The Buzzin’ Blurb – Beautiful Creatures – 7/11/2013

This week, I am reviewing Beautiful Creatures by Kami Garcia and Margaret Stohl. This book was published in 2009 and was made into a movie of the same name in 2013. The story follows a popular trend of romatic paranormal fiction, using its own unique spin on the story. Just a note before the jump, in the next few weeks, I will begin reading the books that I got at ALA. Some of those books will then be offered up as raffle prizes and sent on to the winner. So keep a look out for the raffles to begin. Now click for the full review!

Beautiful Creatures is a paranormal romance novel set in Gatlin, South Carolina. Our narrator, Ethan, has lived in Gatlin his whole life, while Lena is new in town. This is an interesting choice for the setting, because it introduces something that is missing from some other popular paranormal romance novels. Specifically, the setting of Gatlin, right in the heart of the Bible Belt, introduces a prejudice against magic that is often not present in paranormal novels of any type, not just romance. This extra element of tension caused by the prejudice of the townspeople is an interesting aspect to the story.

Thankfully, Beautiful Creatures avoids the love triangle that is currently so popular in YA romance stories, paranormal or not. The authors torment our main characters, Lena and Ethan through other means, such as the persecution they suffer from the people of Gatlin, and the disapproval of their relationship by their families. In addition to this tension, we have The Curse.

The Curse is something that was brought on Lena’s family over a century ago during the Civil War. On their sixteenth birthday, members of her family will be claimed either for the light or the dark, and they have no control over which way they will go. Lena is constantly terrified that she will be taken for the dark, and she sees signs everywhere that her claiming has begun long before her birthday arrives.

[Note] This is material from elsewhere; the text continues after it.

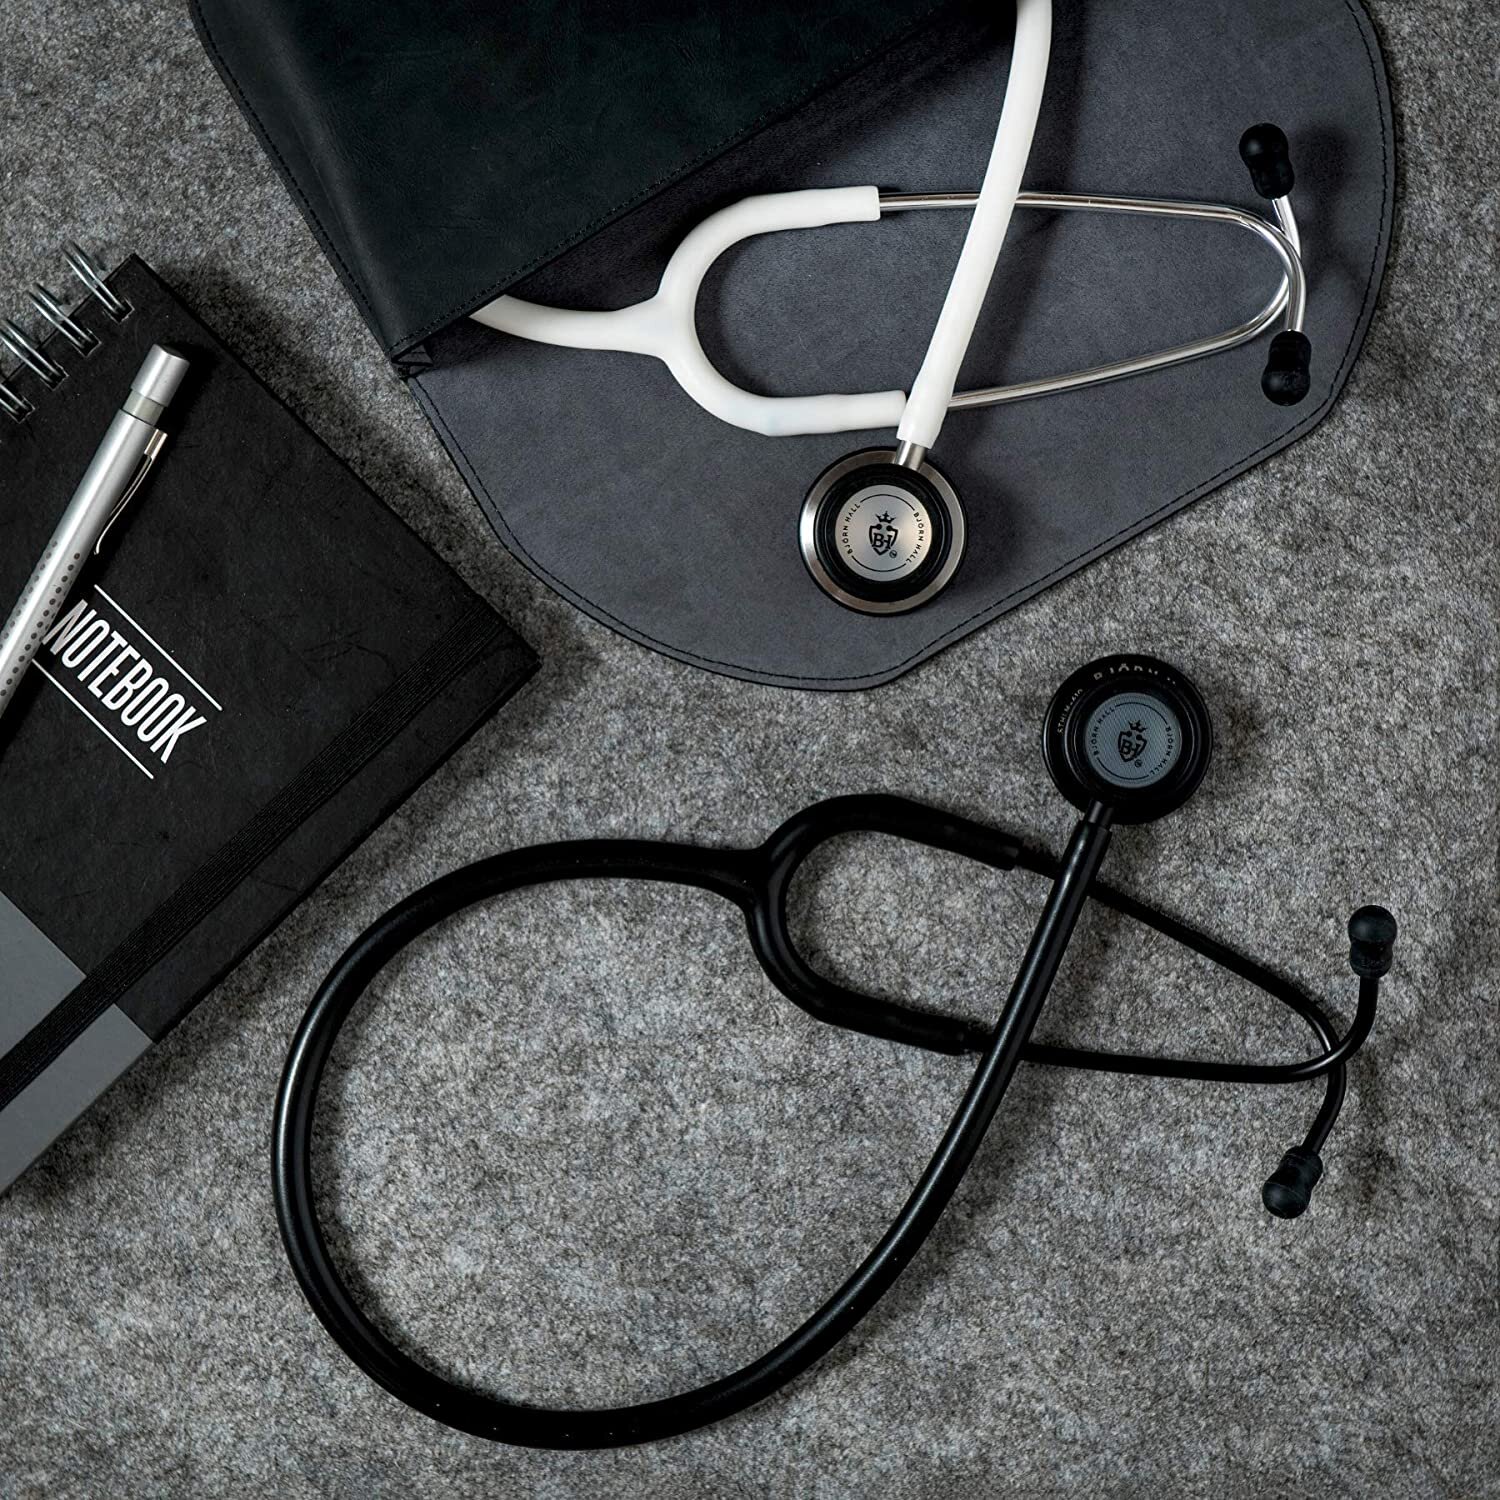 https://images.squarespace-cdn.com/content/v1/5e14bcda323ce7646260ed2f/1586976126163-TL7OQCHWY7CKAIT6F6IC/Black+Stethoscope+and+case

In addition to Lena and Ethan, there are several important characters in the story who influence the plot. These characters include Macon Ravenwood (Lena’s uncle), Amma (Ethan’s housekeeper) and Marian Ashcroft (the town librarian). The character development for all of the story worked well, and it helps the reader enter the story, leaving the real world behind for a while. The other major method of character development is Lena and Ethan’s Kelting ability. This ability allows them to speak telepathically, and shows their thoughts throughout the book. It’s an interesting narrative device, but one I could have lived without.

The climax of the story is one that could have been tightened up. In fact, that is my major complaint about this book in general. The paperback version of this book is nearly 600 pages long. That’s long for a YA novel. Really long. I suspect that the idea with the length was to give the story a slow southern feel. Unfortunately, it means the book meanders a bit. Some additional editing could probably have tightened this book up quite a bit. We didn’t need quite so many scenes showing how mean the townspeople were, and the climax is just a little bit all over the place. Overall though, the character development saves the story. I was rooting for Ethan and Lena by the end, and I wanted them to find a way through all the issues they were having to be together. This book is the first part of a quartet however, and so even with the climactic final battle, there is no true resolution.

Ultimately, I enjoyed the book, I would read it again, and I would recommend it to others. 4 out of 5 stars.